Enticed by the glittering inducements of matrimonial bureau
advertisement to enter into a correspondence and an exchange of
pictures with fair Mrs. Elizabeth Kalmick of Sioux City, Albert
J. Swartz, a verdant farmer lad frm Plankington, S.D., arrived in
Sioux City a few days ago only to find his "love's sweet
dream" to be an iridescent one. Aided by the police Swartz
hunted up his correspondent to find her only a fraud - a woman
who confessed later to the police that her handsome carriage,
beautiful complexion and magnificent wardrobe were the results of
her abillity to profitably play the matrimonial advertising
graft. She confessed to fifty verdant bridegrooms-to-be who are
now on her staff. She promised ot leave the city under threats of
prosecution. Swartz was placed in jail for his safe keeping.

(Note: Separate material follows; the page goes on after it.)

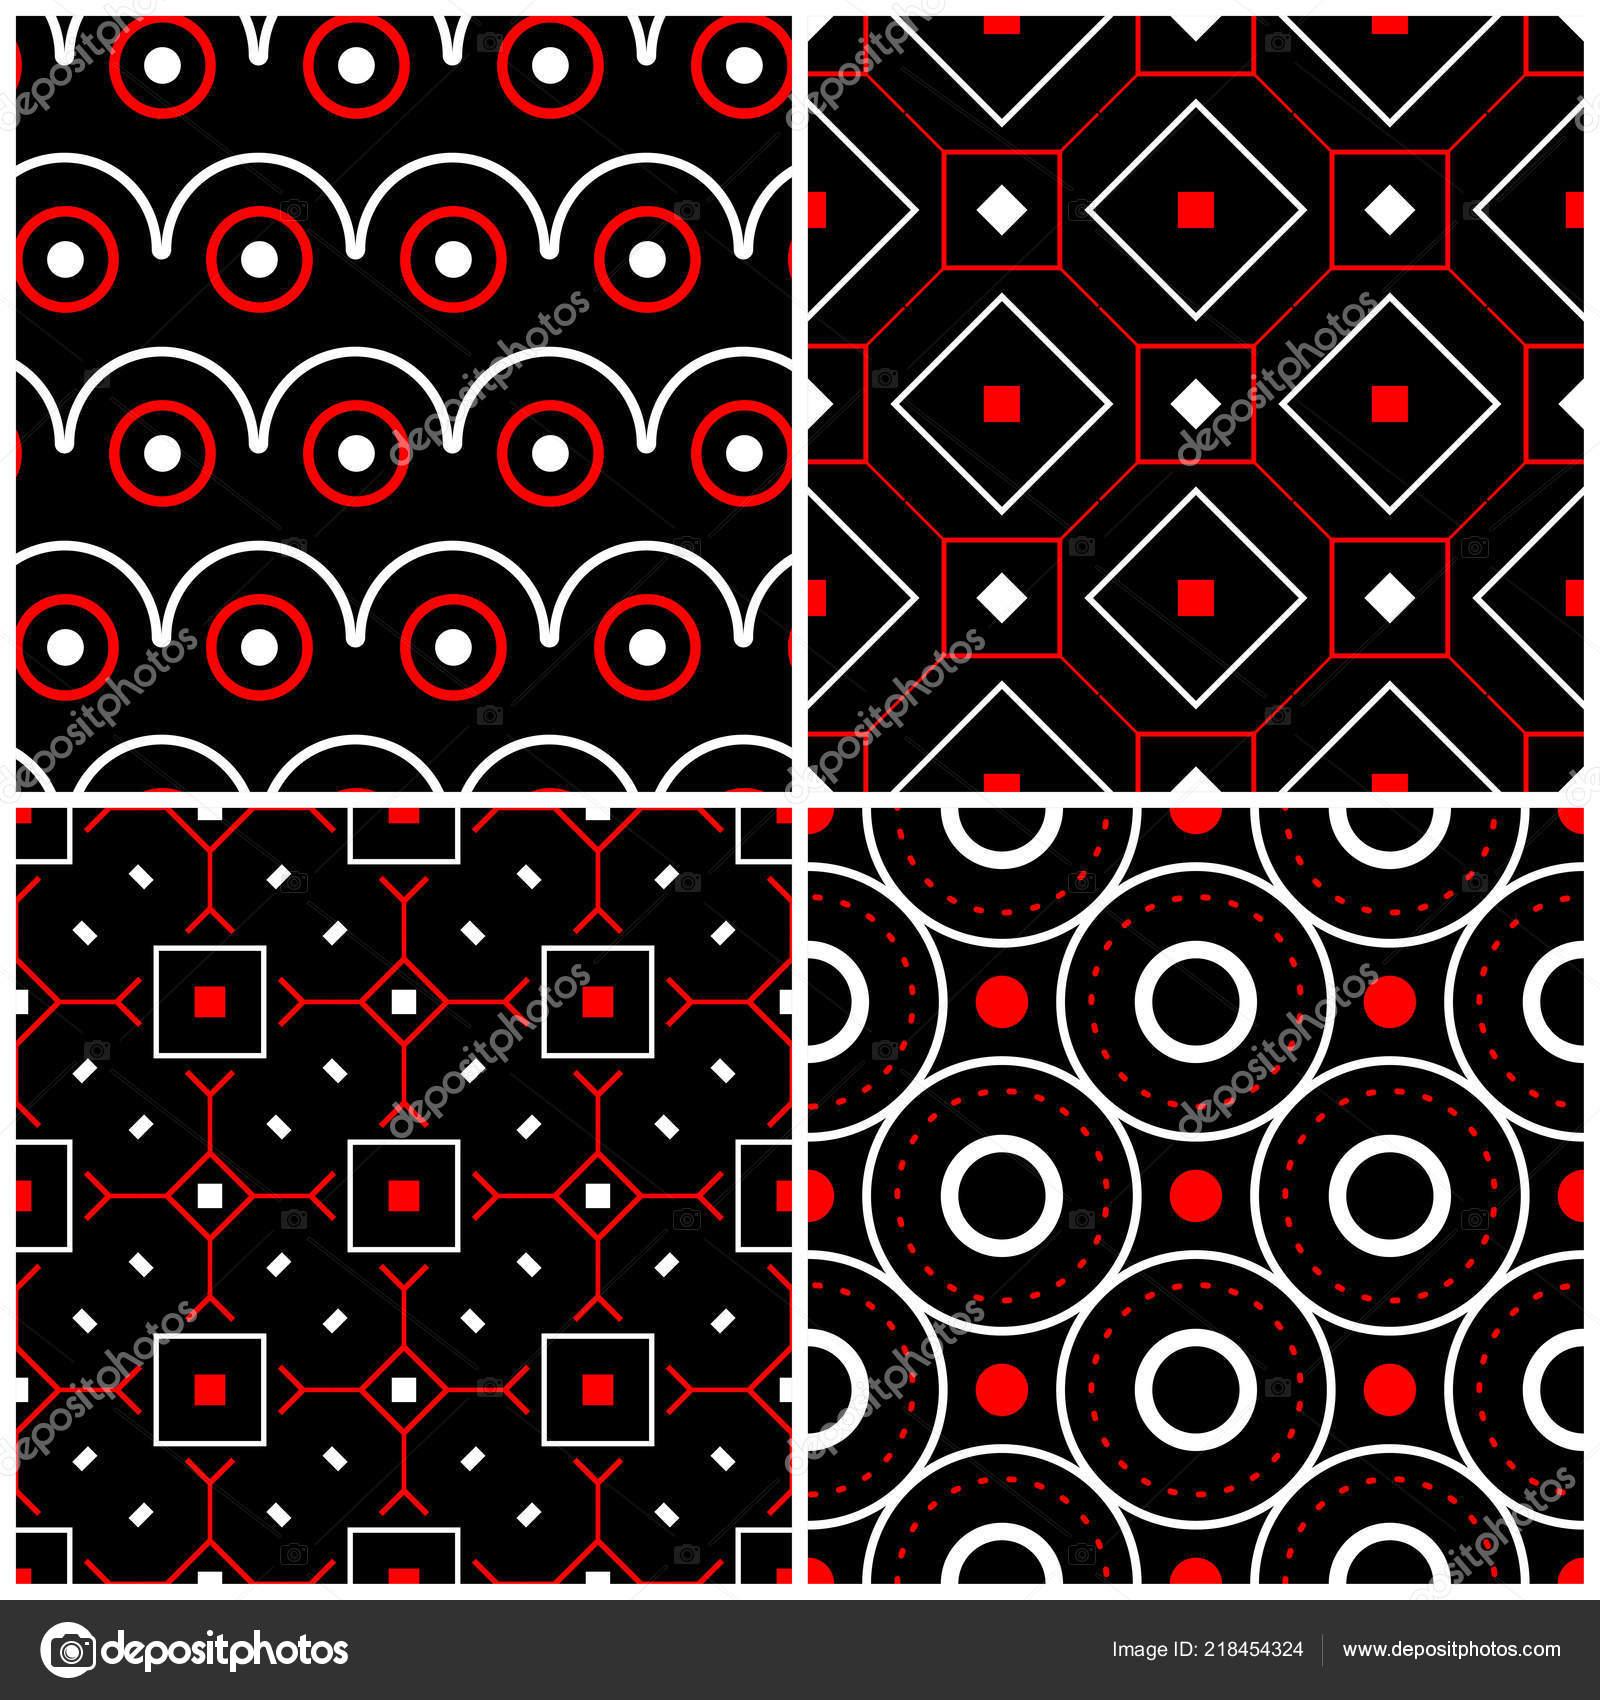 depositphotos 218454324 stock illustration seamless black white red patterns

Marion Morgan, a farm hand, aged about 38 years, was burned to
death on the farm of T.O. Stewart, in White Oak township, Mahaska
county. Morgan was assisting Mr. Stewart rake and burn corn
stalks and trash from the field when the accident and death
occurred, and just how it occurred will never be known, as when
first discovered by Mr. Stewart, who was fully eighty or ninety
rods away, the man was lying on the ground, his clothing on fire
and he writhing in agony. When reached by Mr. Stewart, life was
extinct. As he was known to be subject to epilepsy it is supposed
that his cothing in some way caught fire and that the scare or
fright therefom brough on a fit, rendering him unable to care for
himself or to cry for help.
News from Leroy
-Harry Cherry had a brown horse stolen about a week ago and Sam
Morrison had a saddle and bridle stolen at the same time.
-James Buffum and son, of Osceola, who were visiting E.S. Buffum
returned home Tuesday.
-V.D. Hicks will soon move on the farm they bought of J.B. Hood
-Wallace Hicks solld his city residence to Claud Kirkwood.
Derby News and Notes
-Those attending the celebration of the I.O.O.F. anniversary from
Derby Tuesday evening were: Miss Grace Parkin, Mrs. H. Westfall,
Mrs. W. Yearnshaw, W.F. Pollard and wife, Joe George, Chas.
Johnson, C.B. Taylor, Joe Parkin JR and Joseph Parkin.
-Marion Hanson died at his home west of town Saturday April 21,
interment took place Wednesday April 27 in the Last Chance
cemetery.
-Miss Elsie Courter went to Chariton Wednesday evening to attend
the Hemphill and Sullivan wedding.
-Mr. Hunt, of Bethany, Mo., is visiting his daughter Mrs. Frank
Elliot.
-A baby girl was born to Mr. and Mrs. M.T. Grimes April 21.